SUPPLIED MATERIAL:
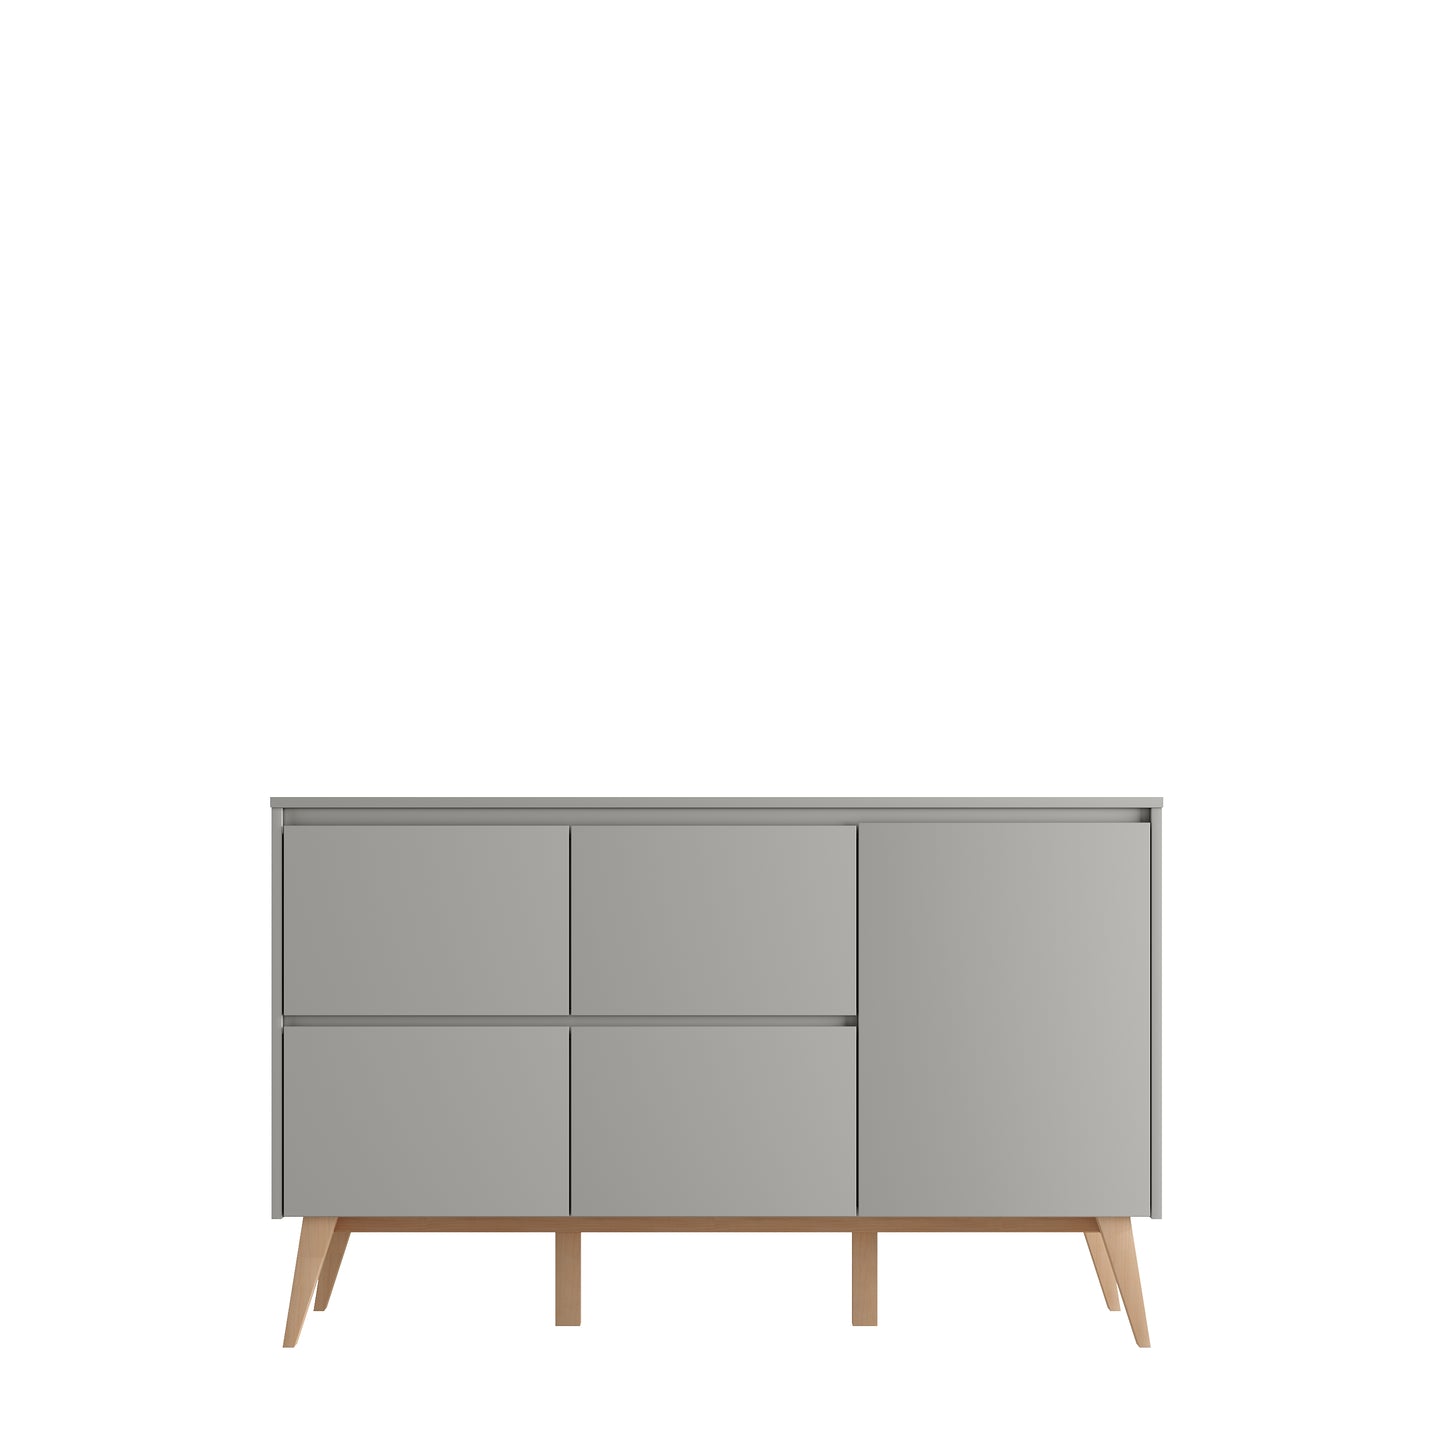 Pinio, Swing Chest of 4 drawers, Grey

--

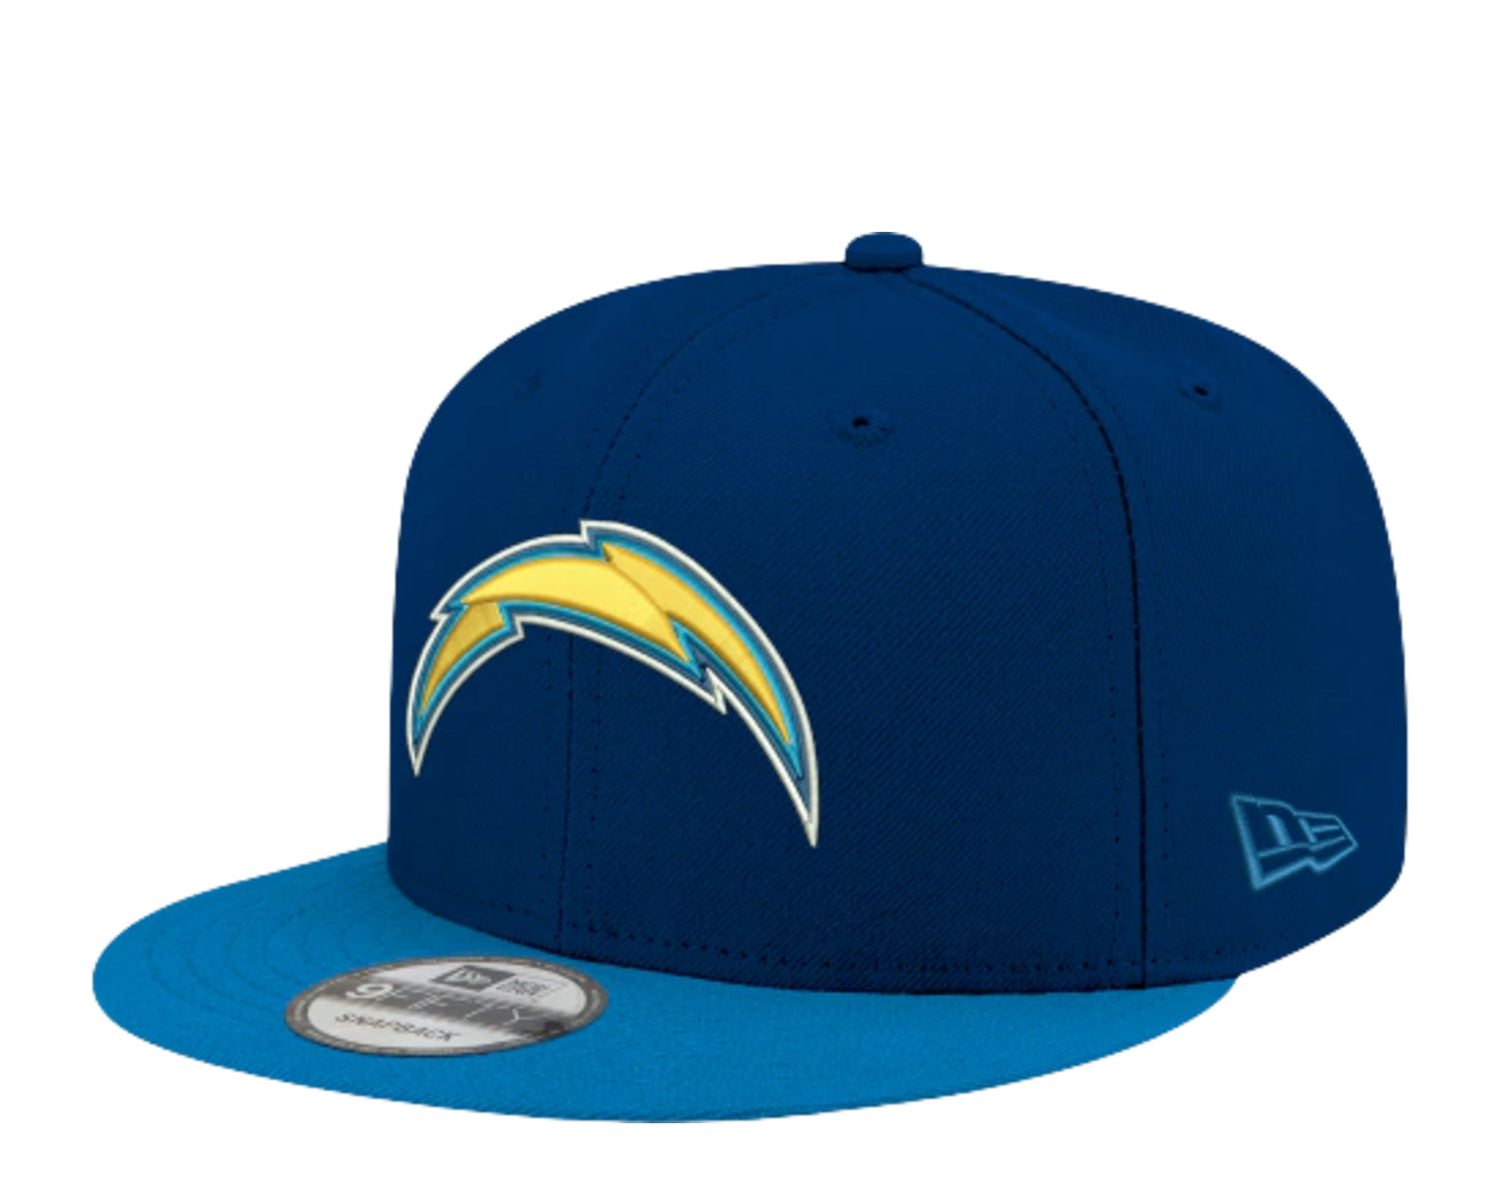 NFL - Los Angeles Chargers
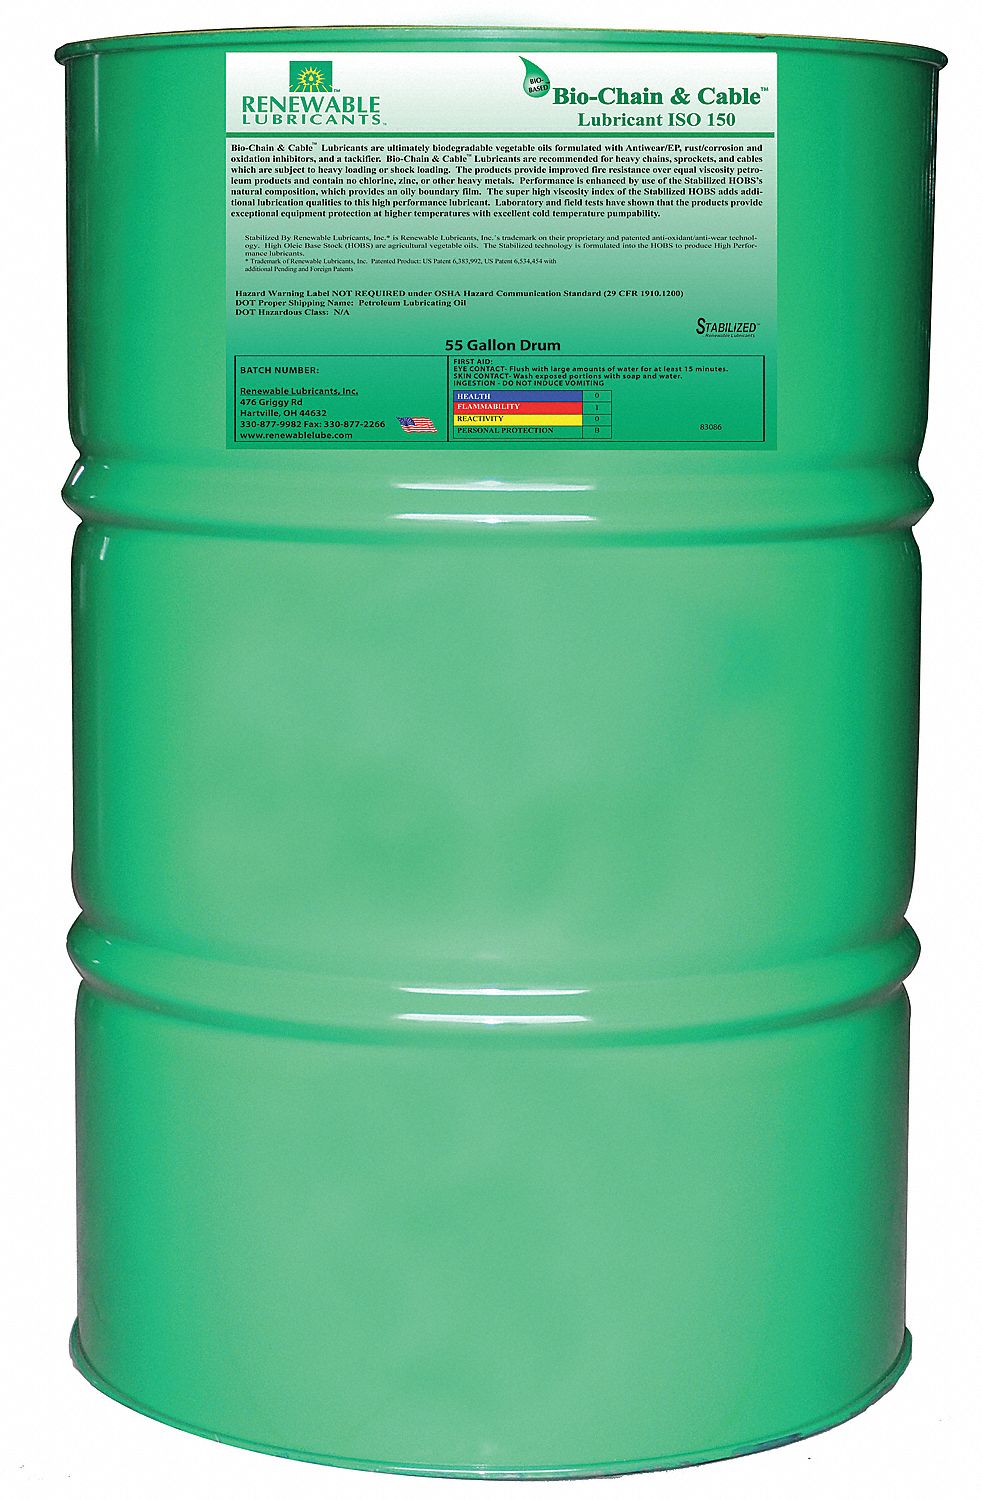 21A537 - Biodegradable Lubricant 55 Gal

GOAL OF THE EXERCISE: Beginning with the line that contains "NFL - Los Angeles Chargers", write out the lines of the material above exactly, and end with the line that contains "21A537 - Biodegradable Lubricant 55 Gal". Omit the pictures.

EXERCISE RESULT:
 NFL - Los Angeles Chargers
 21A537 - Biodegradable Lubricant 55 Gal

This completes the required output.